[Opening Information provided section]

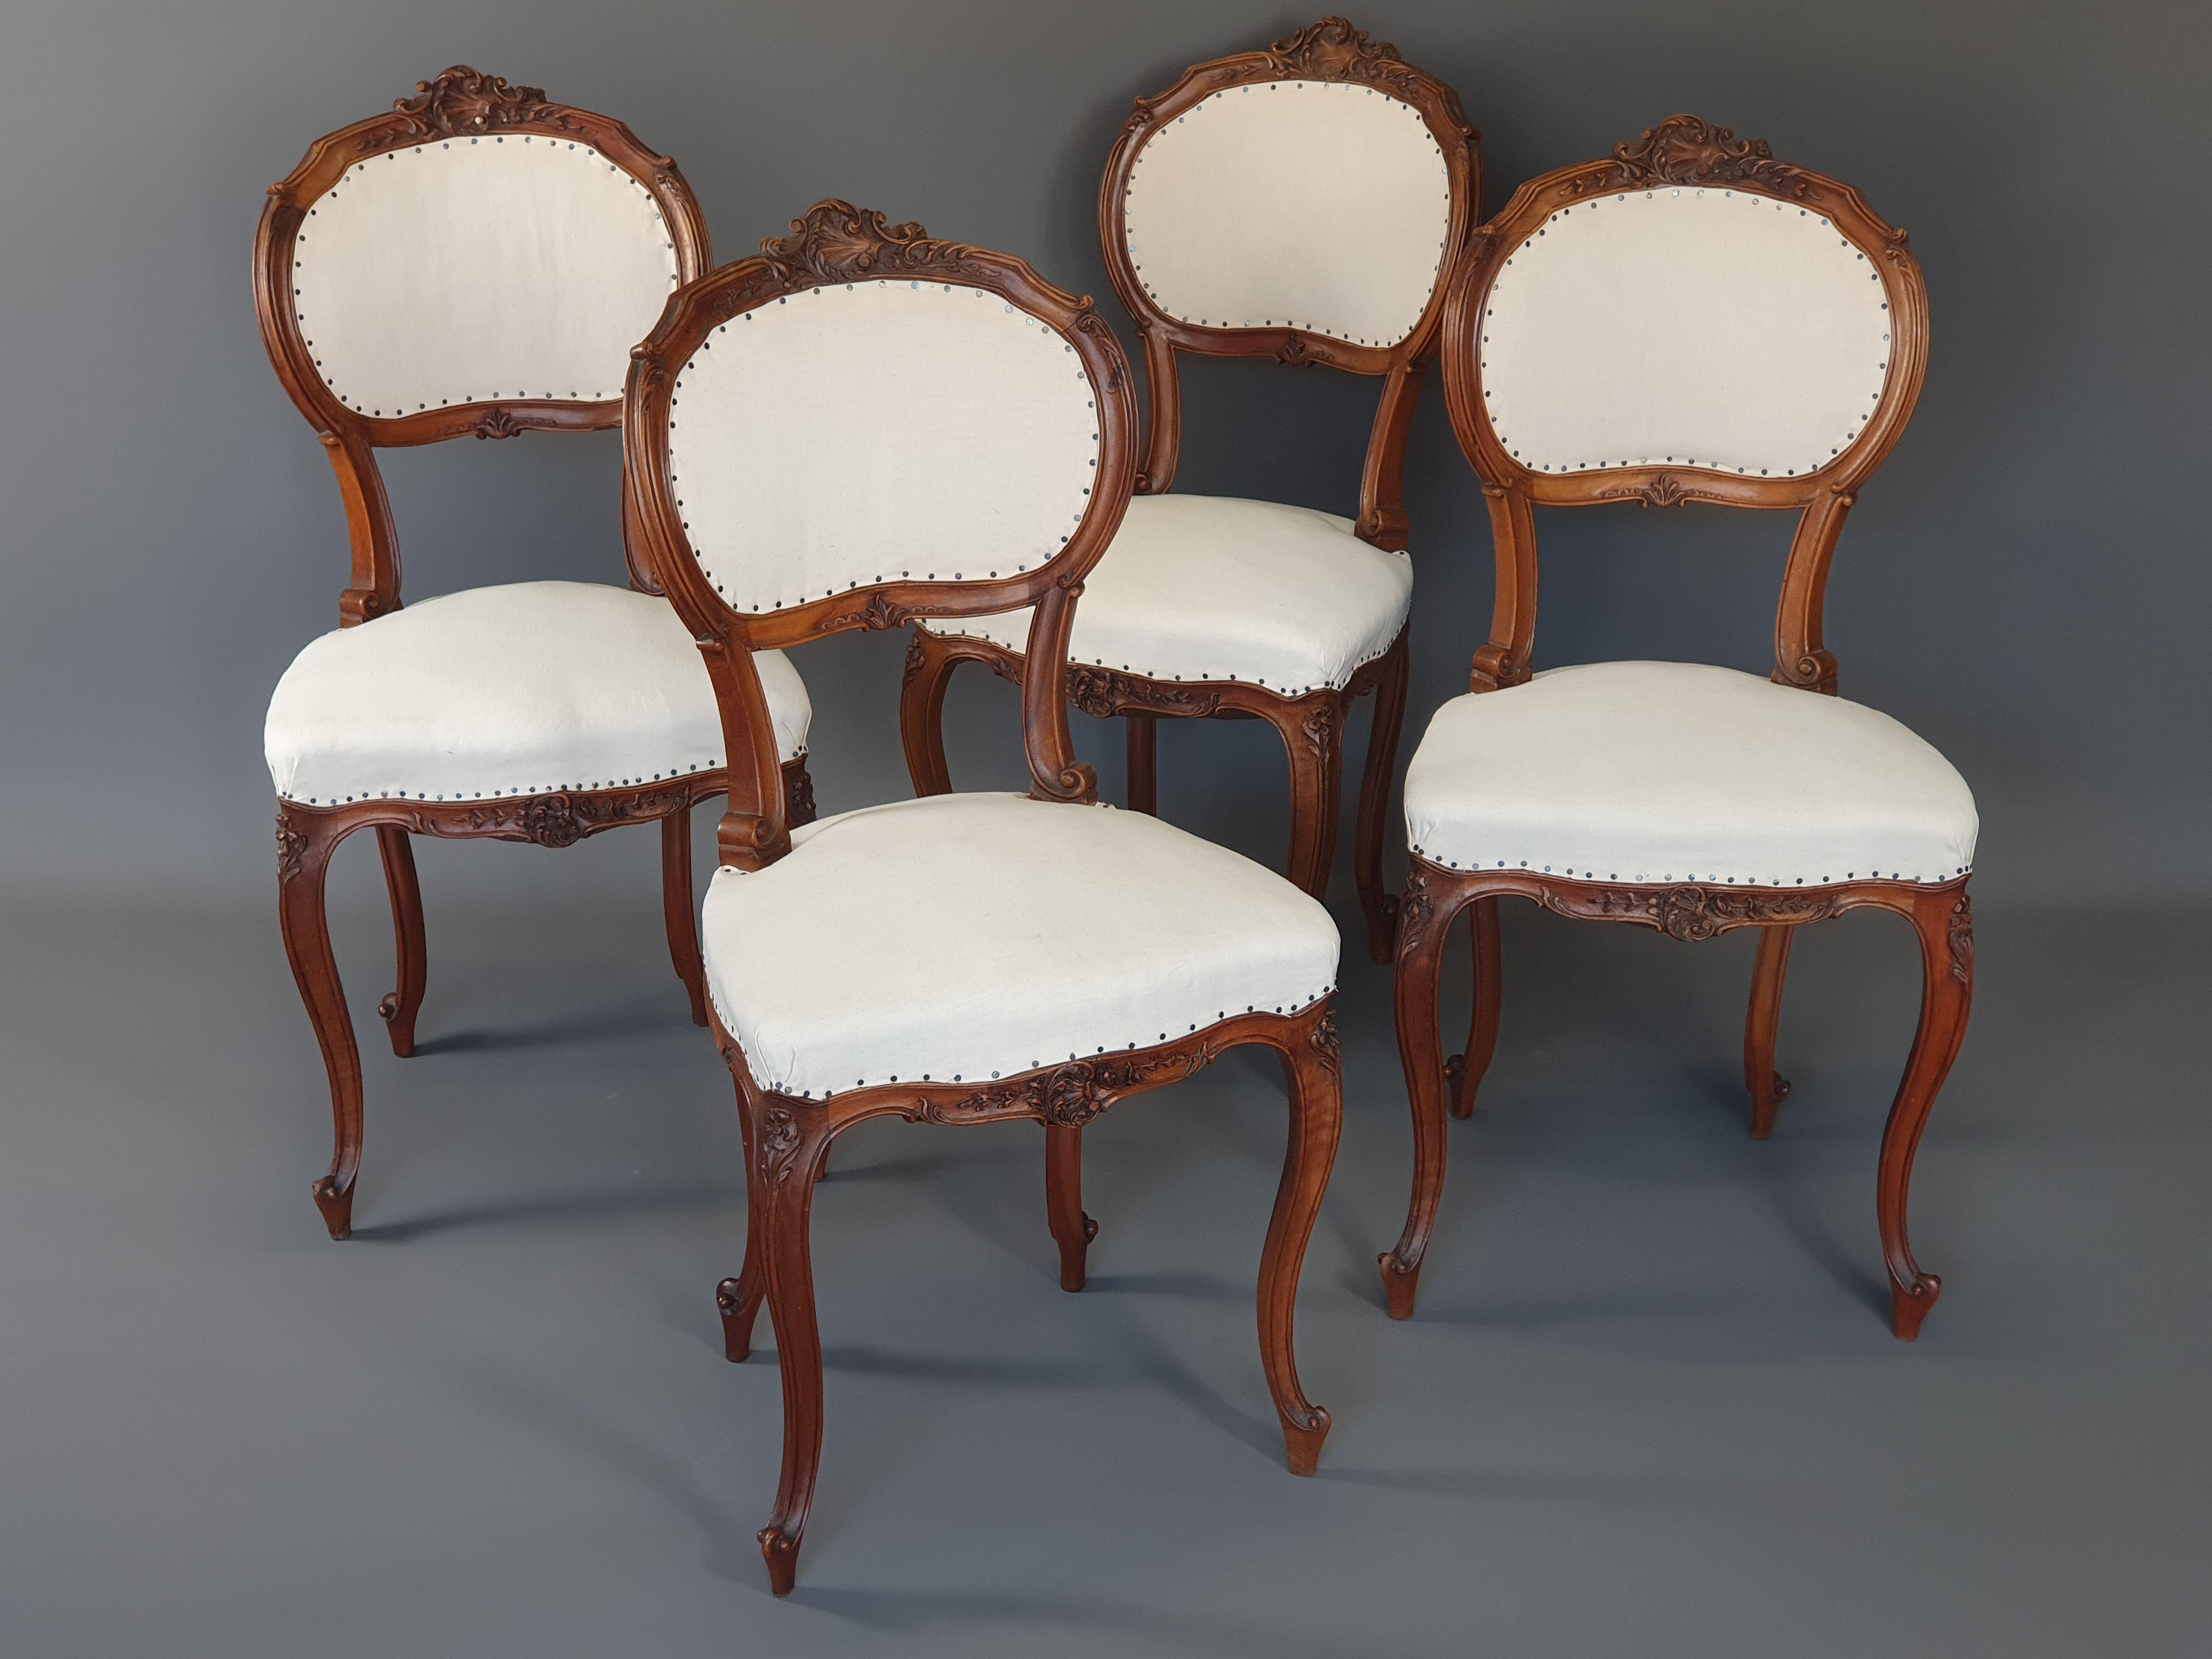 Charming suite of four Louis XV style chairs in solid walnut richly carved with rock-inspired motifs.
Linen and cotton fabric upholstery (so-called Métis fabric of old manufacture but new, never used).

Firm seats in perfect condition.

Very

[Closing Information provided section]

## What you have to do:
In your copy, the listing above should appear word for word, with no images.

## Answer section:
 Charming suite of four Louis XV style chairs in solid walnut richly carved with rock-inspired motifs.
Linen and cotton fabric upholstery (so-called Métis fabric of old manufacture but new, never used).

Firm seats in perfect condition.

Very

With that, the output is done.